In [1]:
import numpy as np
import pandas as pd
import matplotlib.pyplot as plt
from __future__ import division
from collections import Counter
from operator import itemgetter
import numpy as np
from sklearn.cross_validation import KFold
from sklearn.ensemble import RandomForestRegressor
from sklearn.preprocessing import StandardScaler
from sklearn.metrics import mean_squared_error
from sklearn import linear_model

%matplotlib inline

# Preprocess data

In [2]:
#Load the data
data_socio = pd.read_csv('samlede_socio_data_kbh.csv', encoding = 'utf8')

In [3]:
#Delete all the features that are ID's or geometry
dellist=['rode_nr','v_id','FID','rodenavn','wkb_geometry']
#Get a list of all the years. Remove 2014 since the data from that year is bad. Replace it with 'All years'
yearlist=list(set(data_socio['aar']))
yearlist[-1]='All years'

#Work only with percent features. Remove all the ones that just state a number.

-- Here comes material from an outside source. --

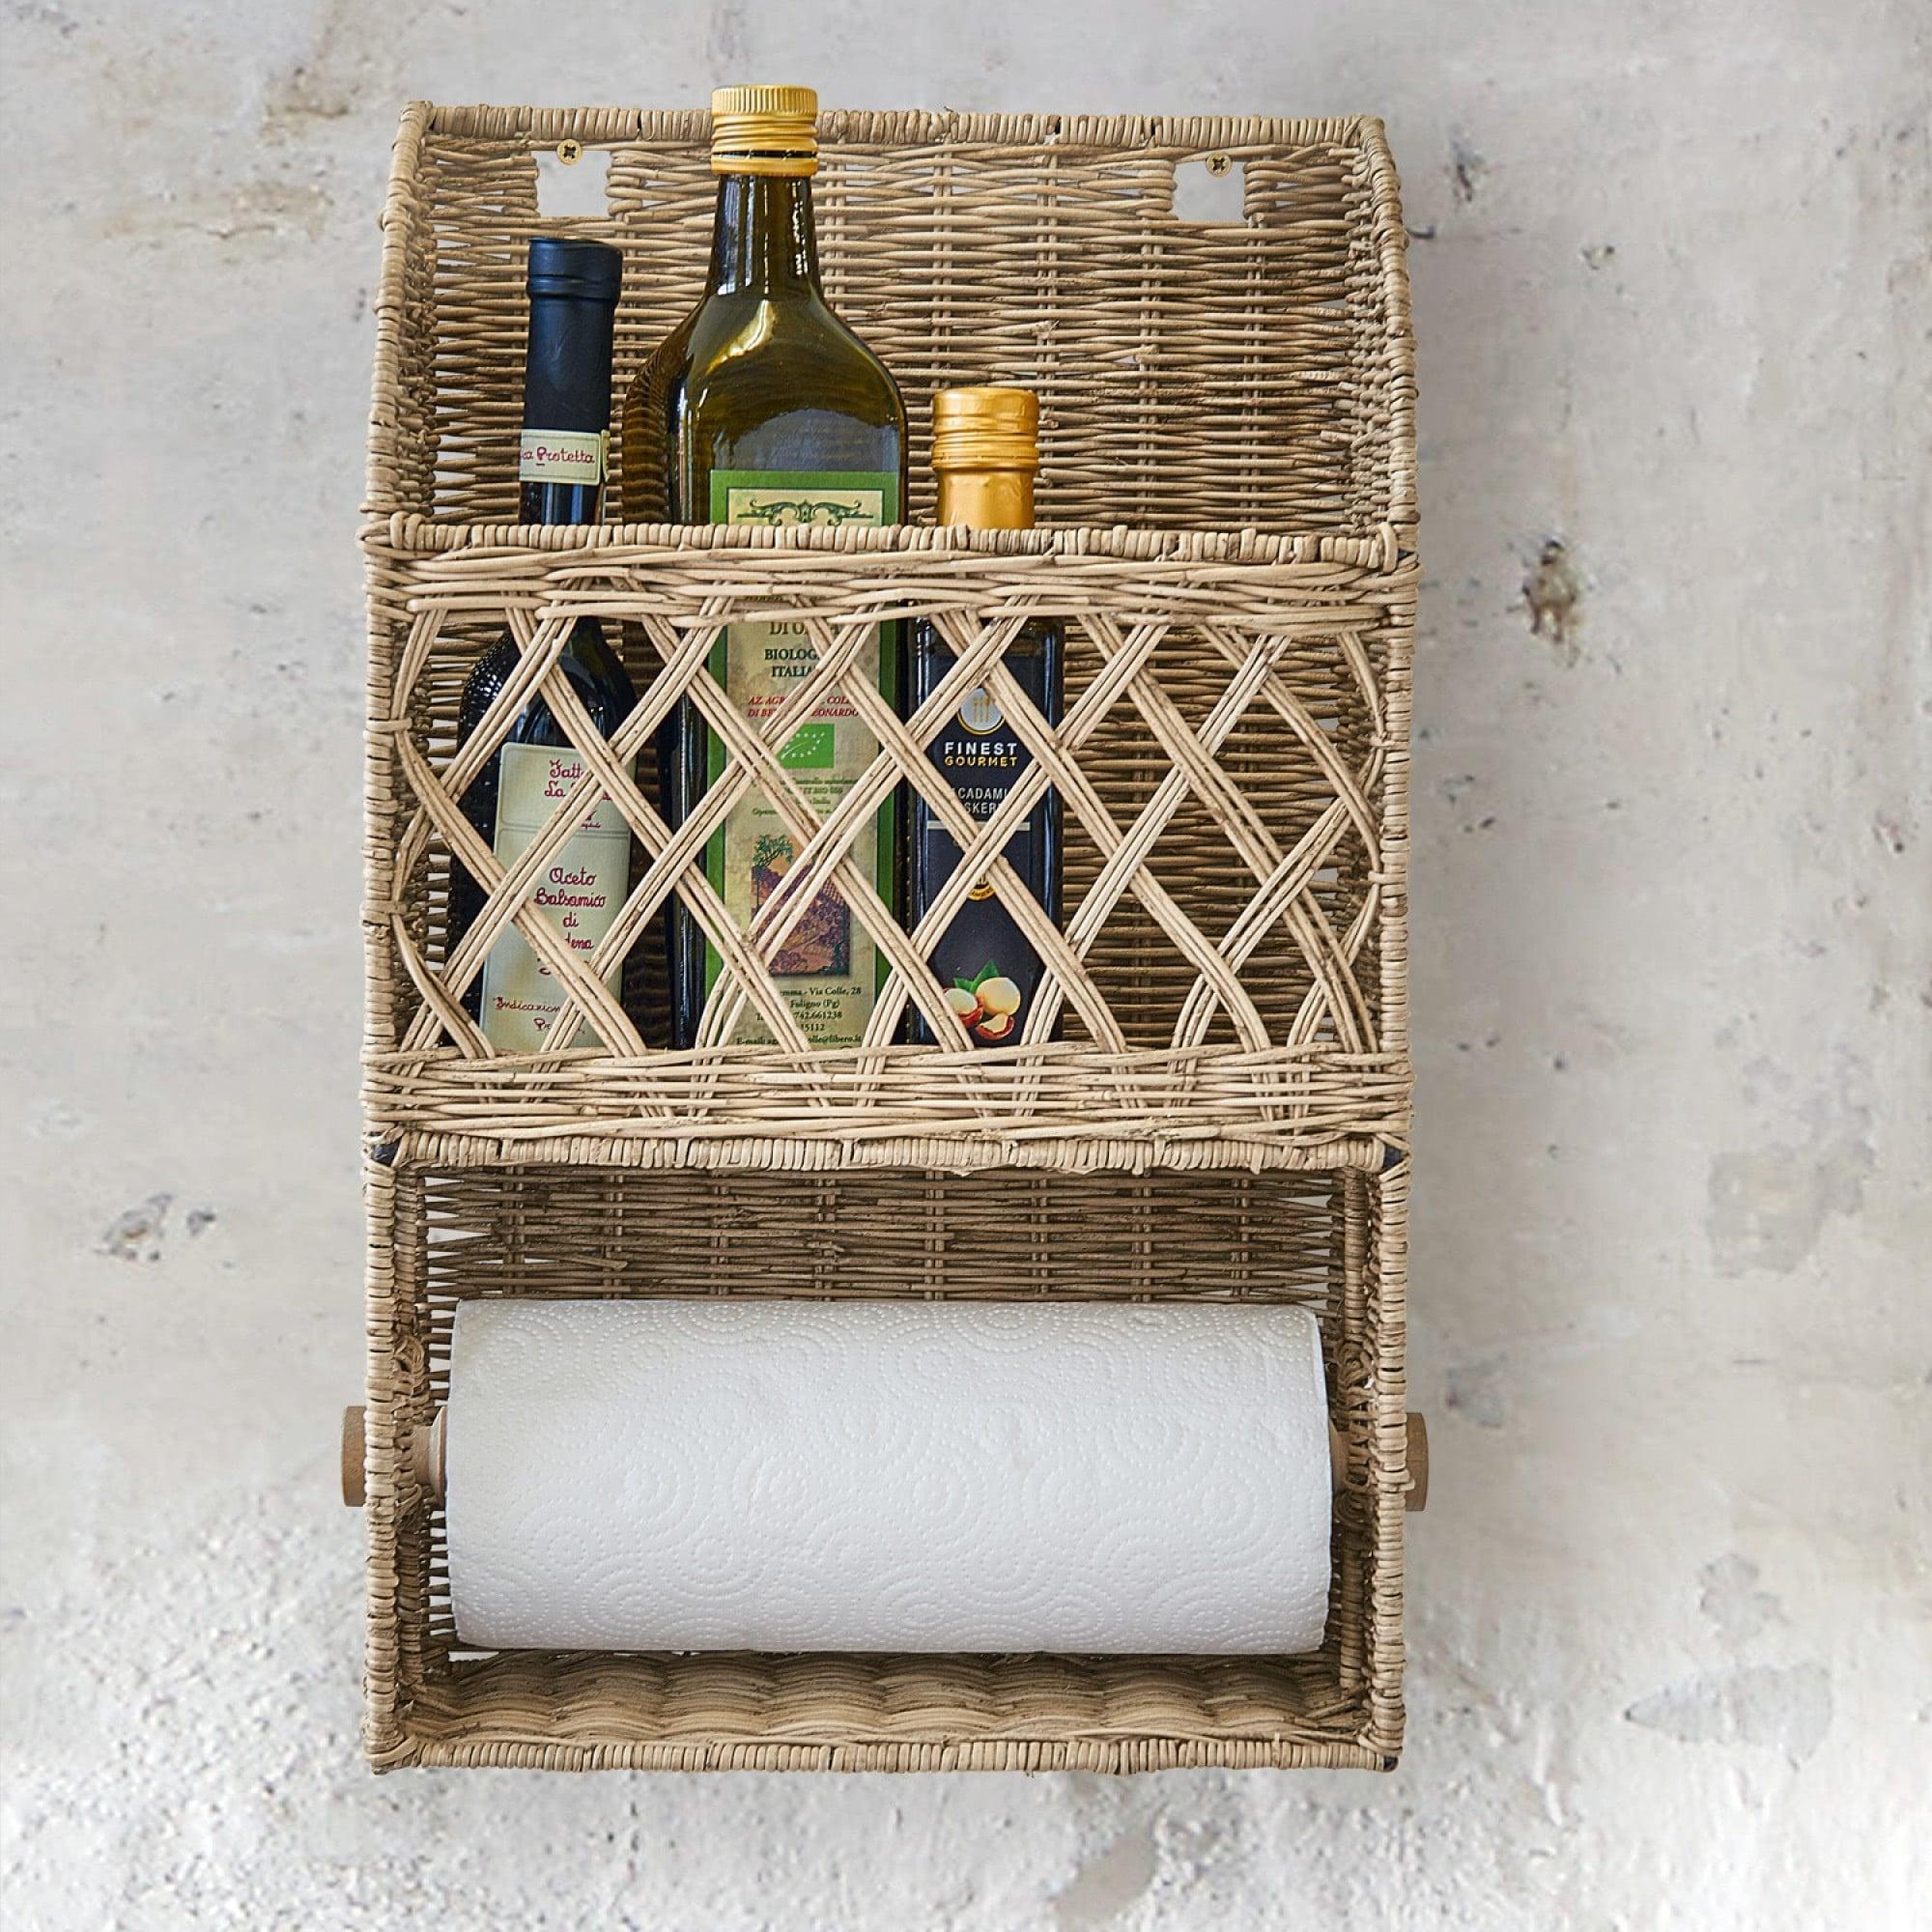 k chen organizer connaire loberon coming home. Black Bedroom Furniture Sets. Home Design Ideas
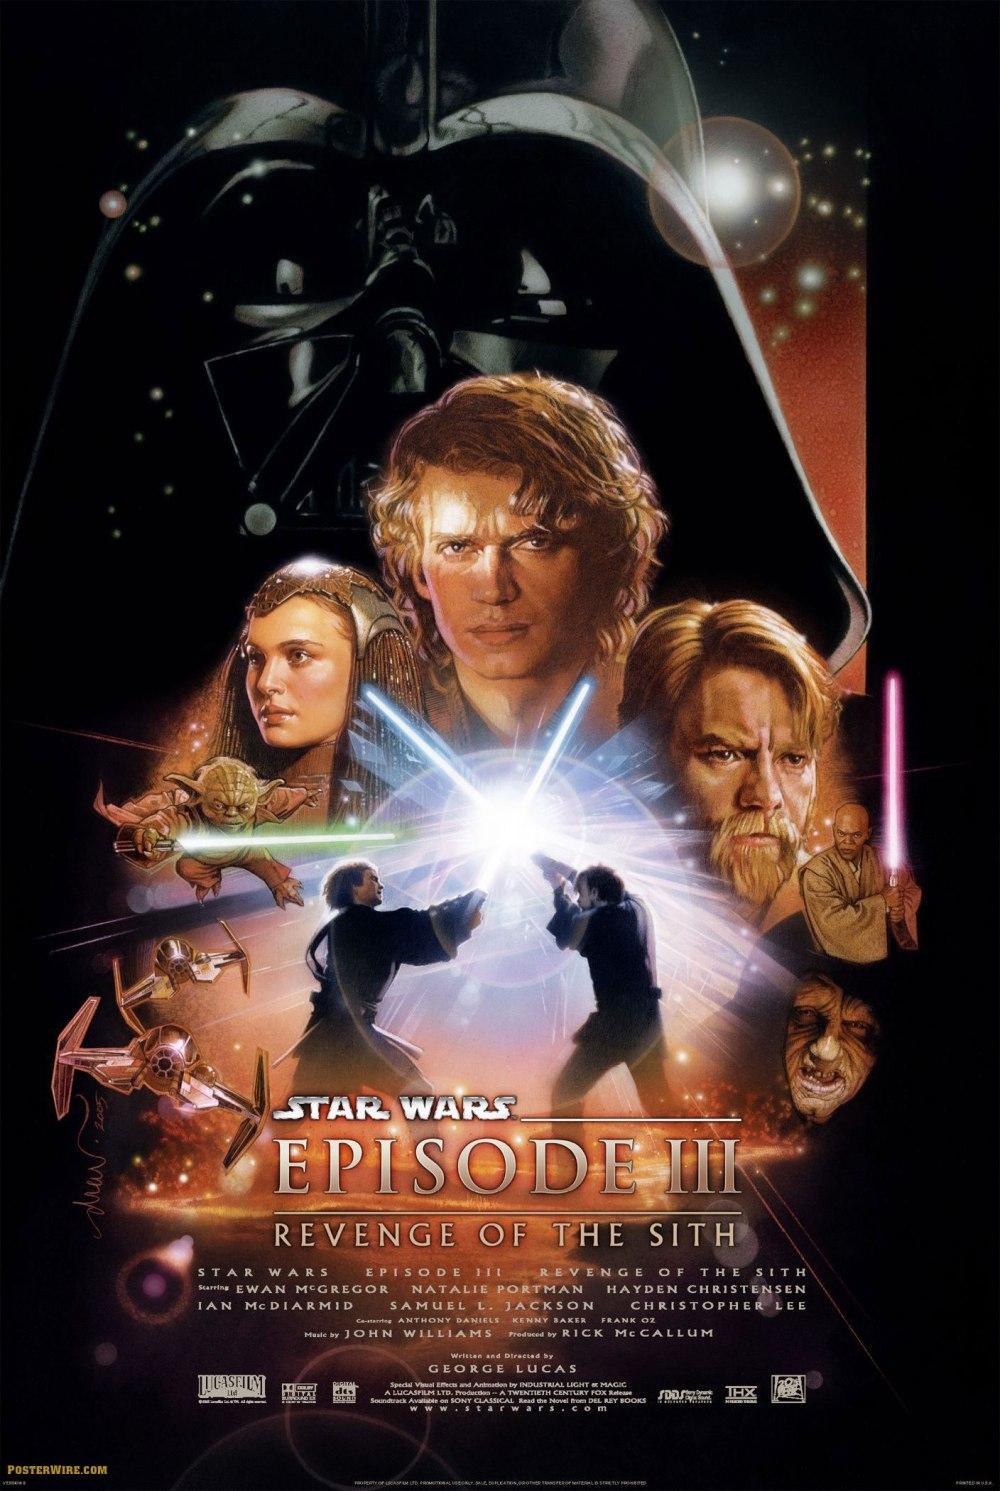 Star Wars: Episode III - Revenge of the Sith (2005, 20th Century Fox)

They come in pairs
#One with percent and one with number
for name in list(data_socio):
    if 'antal' in name: 
        dellist.append(name)

#Create a new dataframe with only the needed variables
MLdf = data_socio.drop(dellist, 1)

# Machine learning - Regression

## Random forest

In [4]:
#Do nfold cross validation
nfold=10
year_error=[]

#Do the random forest (RF) for all the years
for year in yearlist:
    tree_performance_error_RMSE=[]
    treefit=[]
    #Determine what yeark is worked with.
    if year=='All years':
        RFdf=MLdf
    else:
        RFdf=MLdf[MLdf['aar']==year]
    #Use the one below if predicting amount of danes.
    drop_list=['aar','pct_dansk','pct_vestlig','pct_ikke_vestlig']
   
    #Use the one below if predicting high income
    #drop_list=['aar','pct_lav_indkomst','pct_middel_indkomst','pct_hoj_indkomst']
    
    #Use the one below if predicting age above 65
    #drop_list=['aar','alder_pct_0_5','alder_pct_6_17','alder_pct_18_29','alder_pct_30_39','alder_pct_40_49','alder_pct_50_64',
    #           'alder_pct_over_65']
    
    #Drop the feature that is being predicted plus the ones that depend on it. 
    RFdf=RFdf.drop(drop_list, 1)
    #Find the NaN's
    nanlist=np.argwhere(np.isnan(RFdf.as_matrix()))
    namelist=list(RFdf)

    #Set all NaN's to the mean of the column
    for x in nanlist:
        RFdf.set_value(RFdf.iloc[[x[0]]].index[0],namelist[x[1]] , np.mean(RFdf[namelist[x[1]]]))
    #Now only columns with pure NaN's remain in the df. Remove those leaving only the good data.
    RFdf=RFdf.dropna(axis=1)
    featurelist=list(RFdf)
    #Define X and y
    X=RFdf.as_matrix()  
    #Use the one below if predicting amount of danes.
    if year=='All years':
        y=np.array(MLdf['pct_dansk'].tolist())
    else:
        y=np.array(MLdf['pct_dansk'][MLdf['aar']==year].tolist())
        
  
    #Use the one below if predicting high income
    #if year=='All years':
    #    y=np.array(MLdf['pct_hoj_indkomst'].tolist())
    #else:
    #    y=np.array(MLdf['pct_hoj_indkomst'][MLdf['aar']==year].tolist())
    
    #Use the one below if predicting age above 65
    #if year=='All years':
    #    y=np.array(MLdf['alder_pct_over_65'].tolist())
    #else:
    #    y=np.array(MLdf['alder_pct_over_65'][MLdf['aar']==year].tolist())
        
        
    #Remove nan's from y and X. This is only if there are nan's in y.
    naidx=np.isnan(y)
    y=y[~naidx]
    X=X[~naidx,]
    
    #Run Random forest
    kf=KFold(n=len(y), n_folds=nfold, shuffle=True, random_state=42)
    for train_index, test_index in kf:
        X_train, X_test = X[train_index], X[test_index]
        y_train, y_test = y[train_index], y[test_index]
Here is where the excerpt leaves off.